What is required
Every line below must be copied as written, except for pictures.

Data
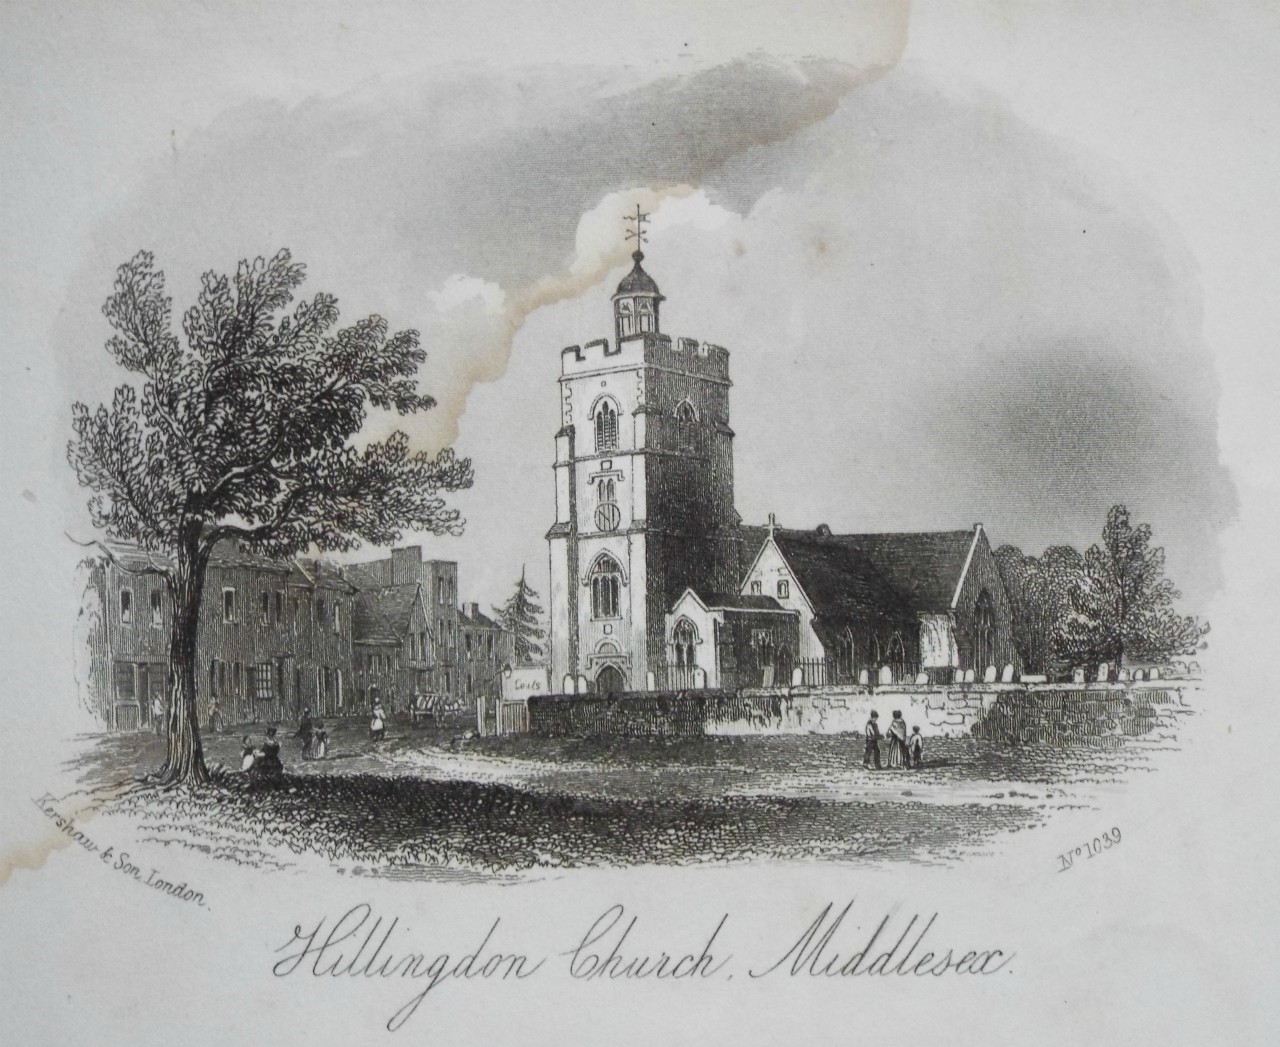 Steel Vignette - Hillingdon Church, Middlesex. - Kershaw
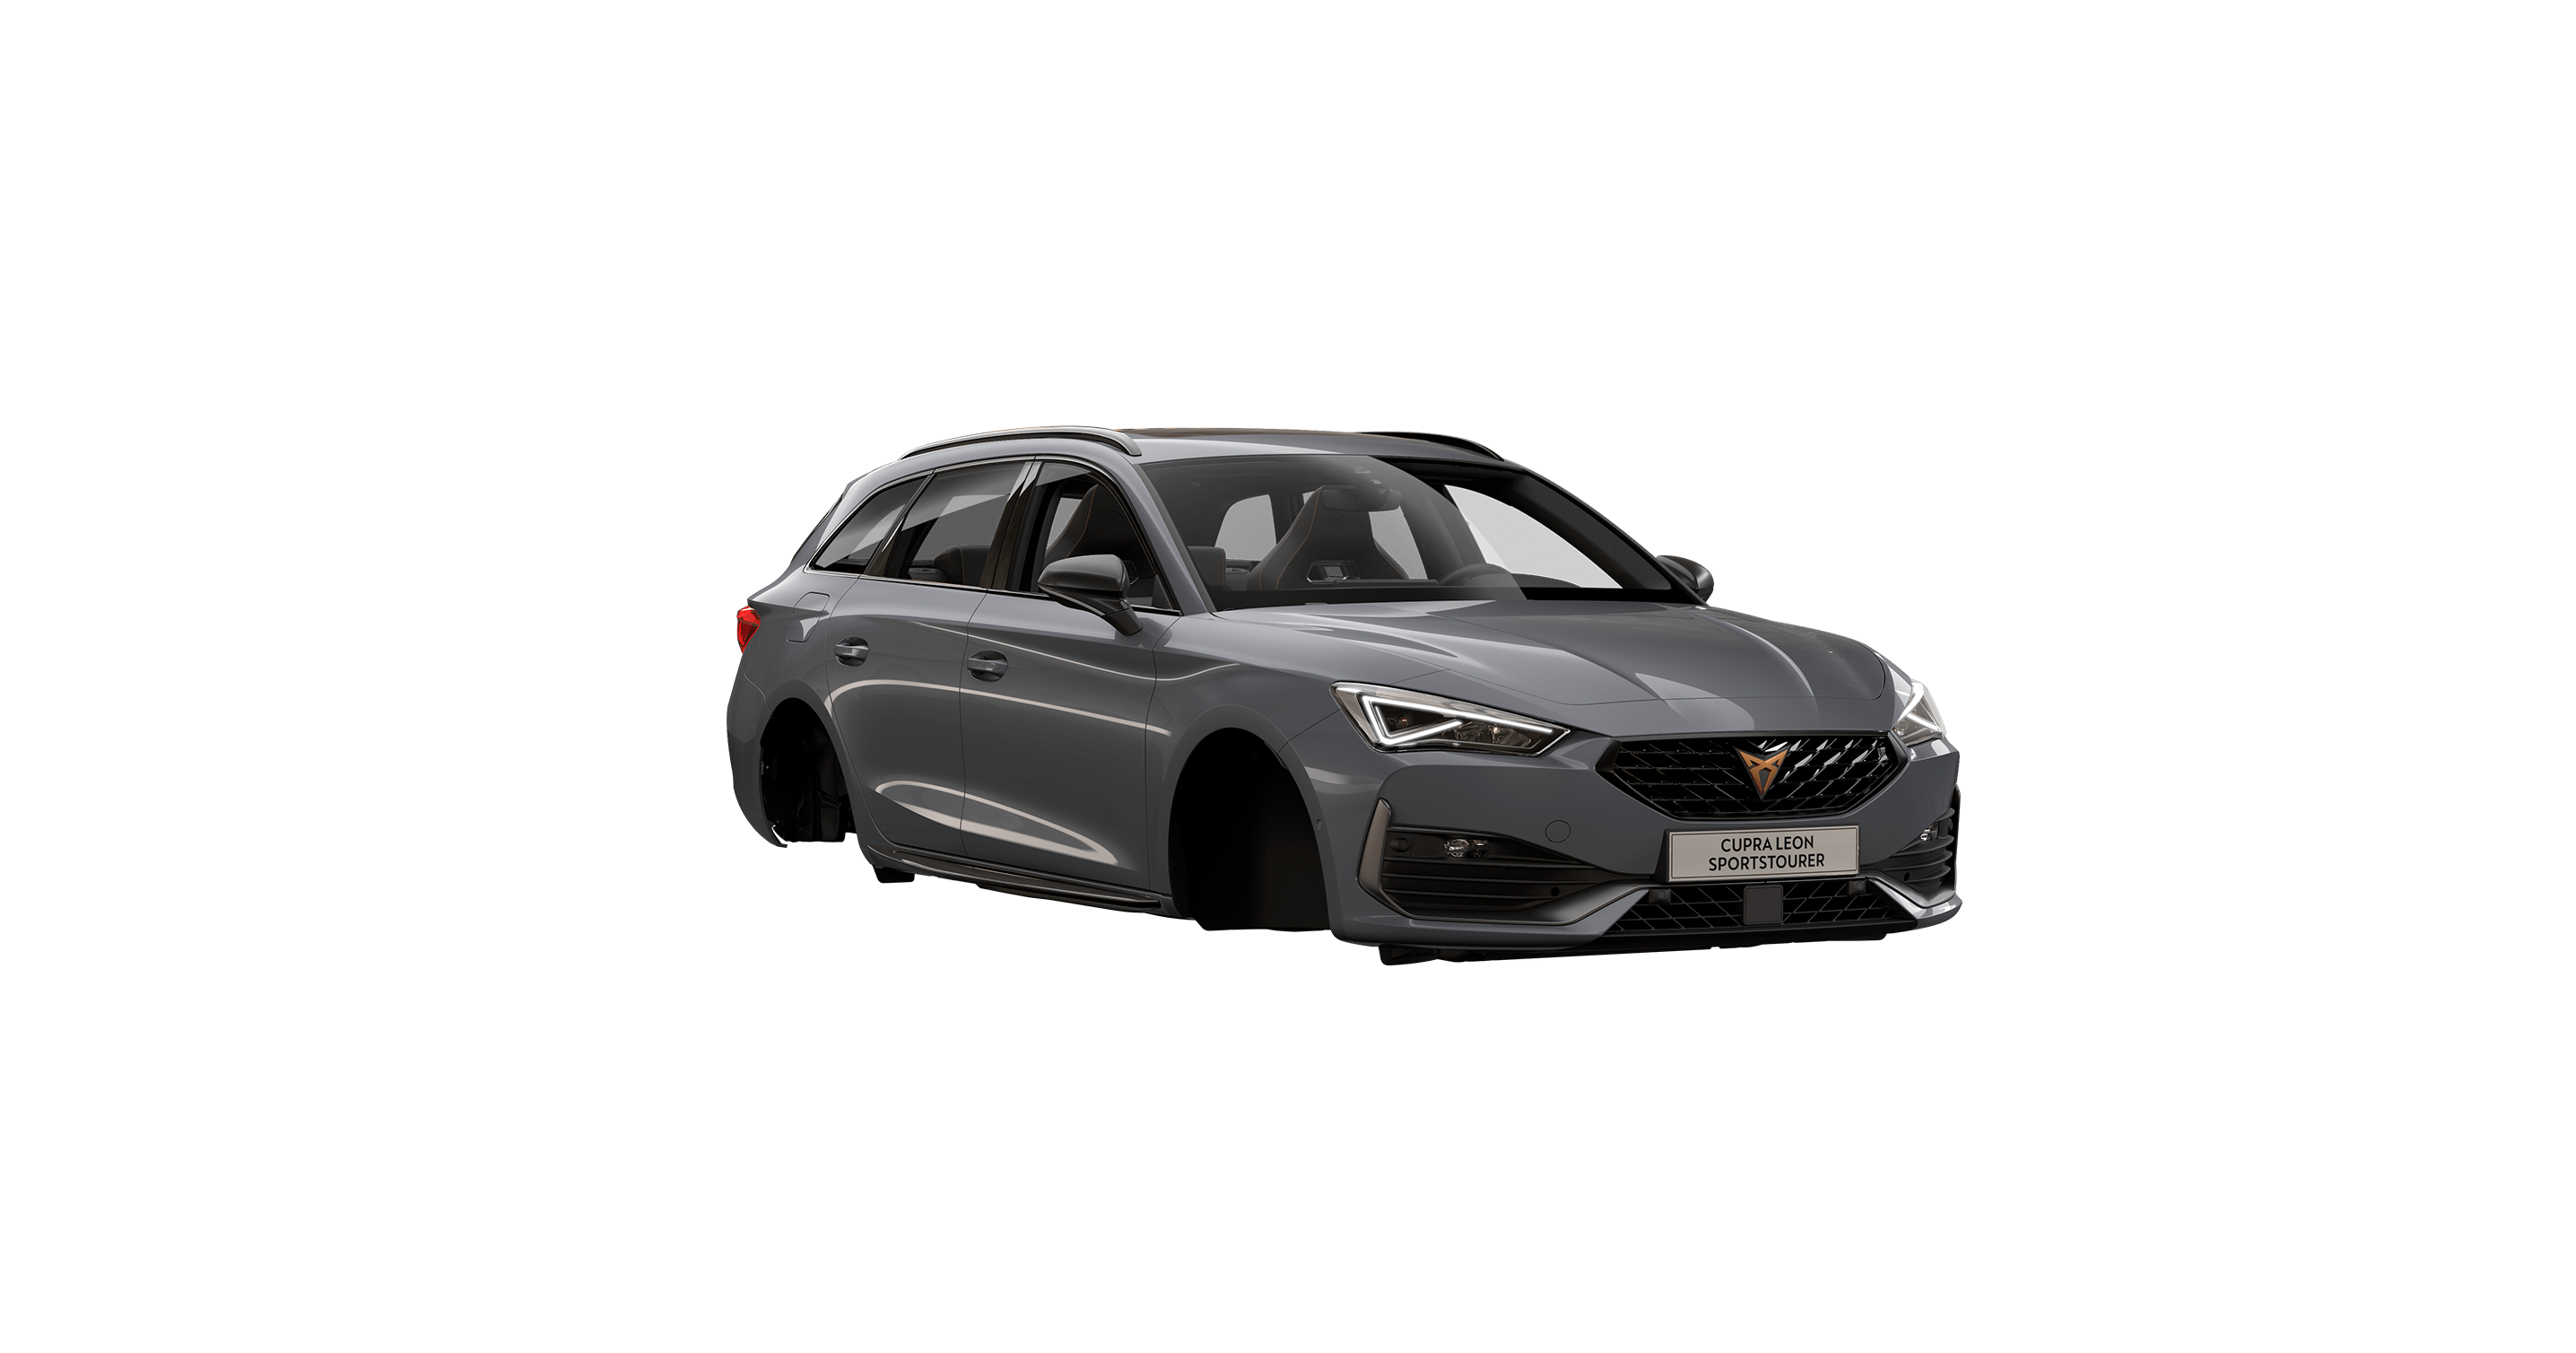 new CUPRA Leon Sportstourer ehybrid Family Sports Car available in graphene grey colour
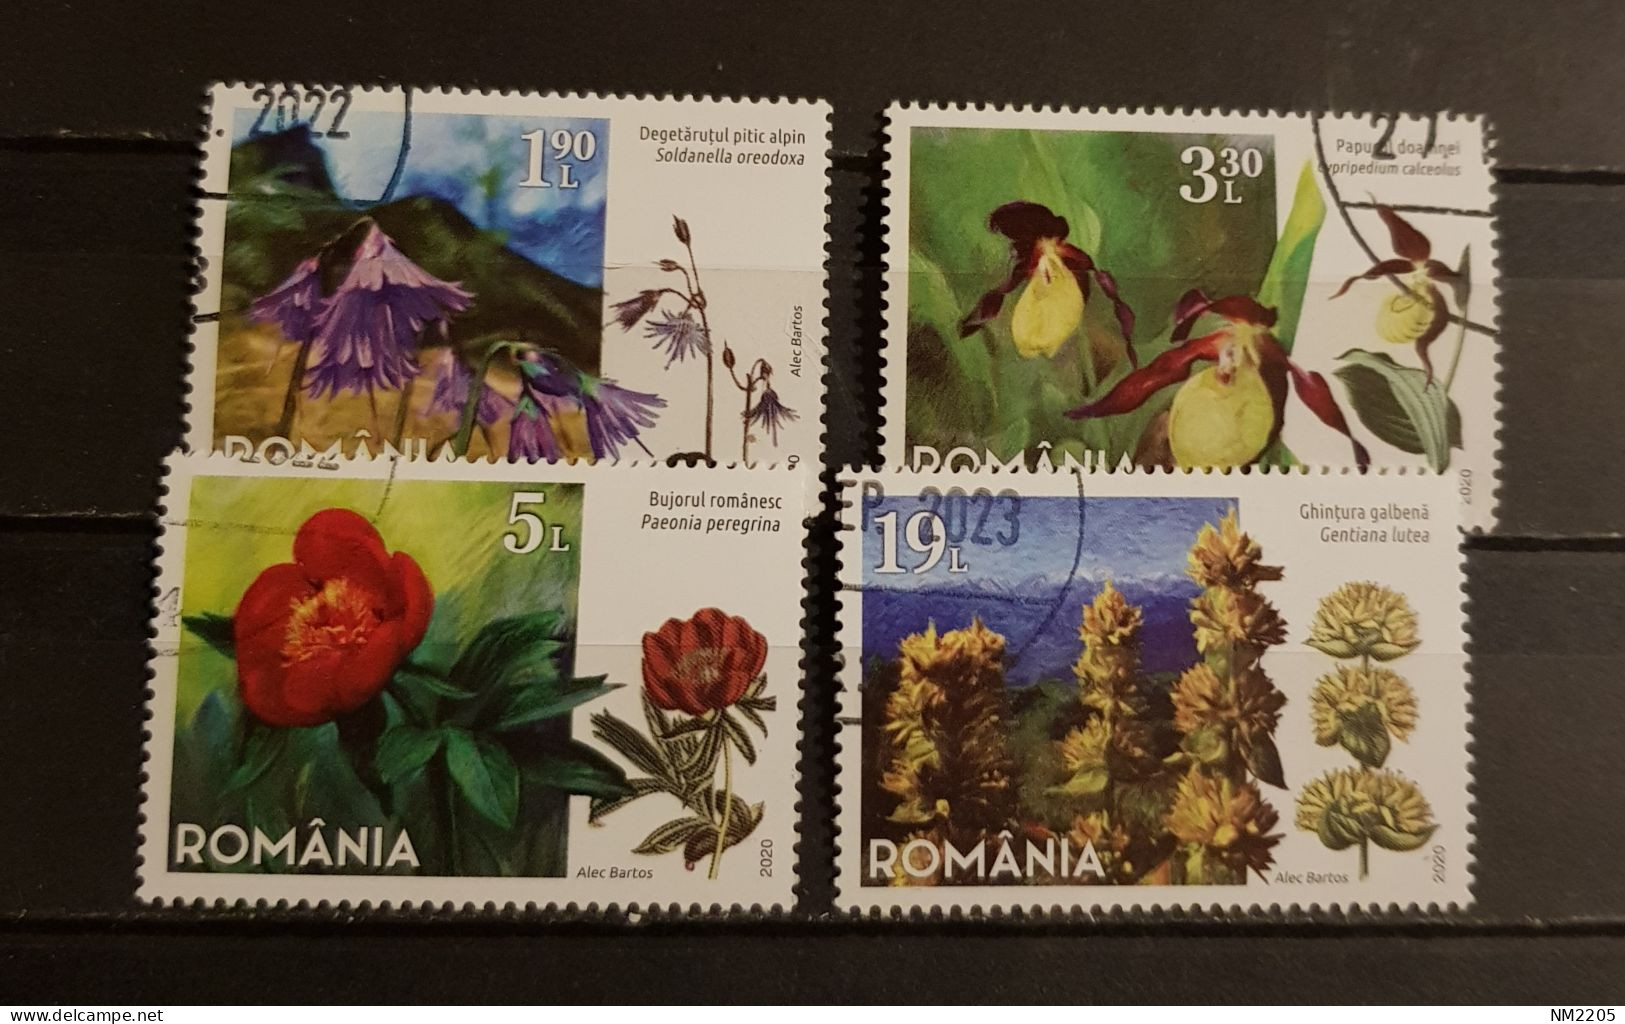 ROMANIA PLANTS GENTIANA LUTEA& PAEONIA PEREGRINA& SOLDANELLA OREODOXA SET CTO-USED - Used Stamps

Output for this task
 Steel Vignette - Hillingdon Church, Middlesex. - Kershaw
 new CUPRA Leon Sportstourer ehybrid Family Sports Car available in graphene grey colour
 ROMANIA PLANTS GENTIANA LUTEA& PAEONIA PEREGRINA& SOLDANELLA OREODOXA SET CTO-USED - Used Stamps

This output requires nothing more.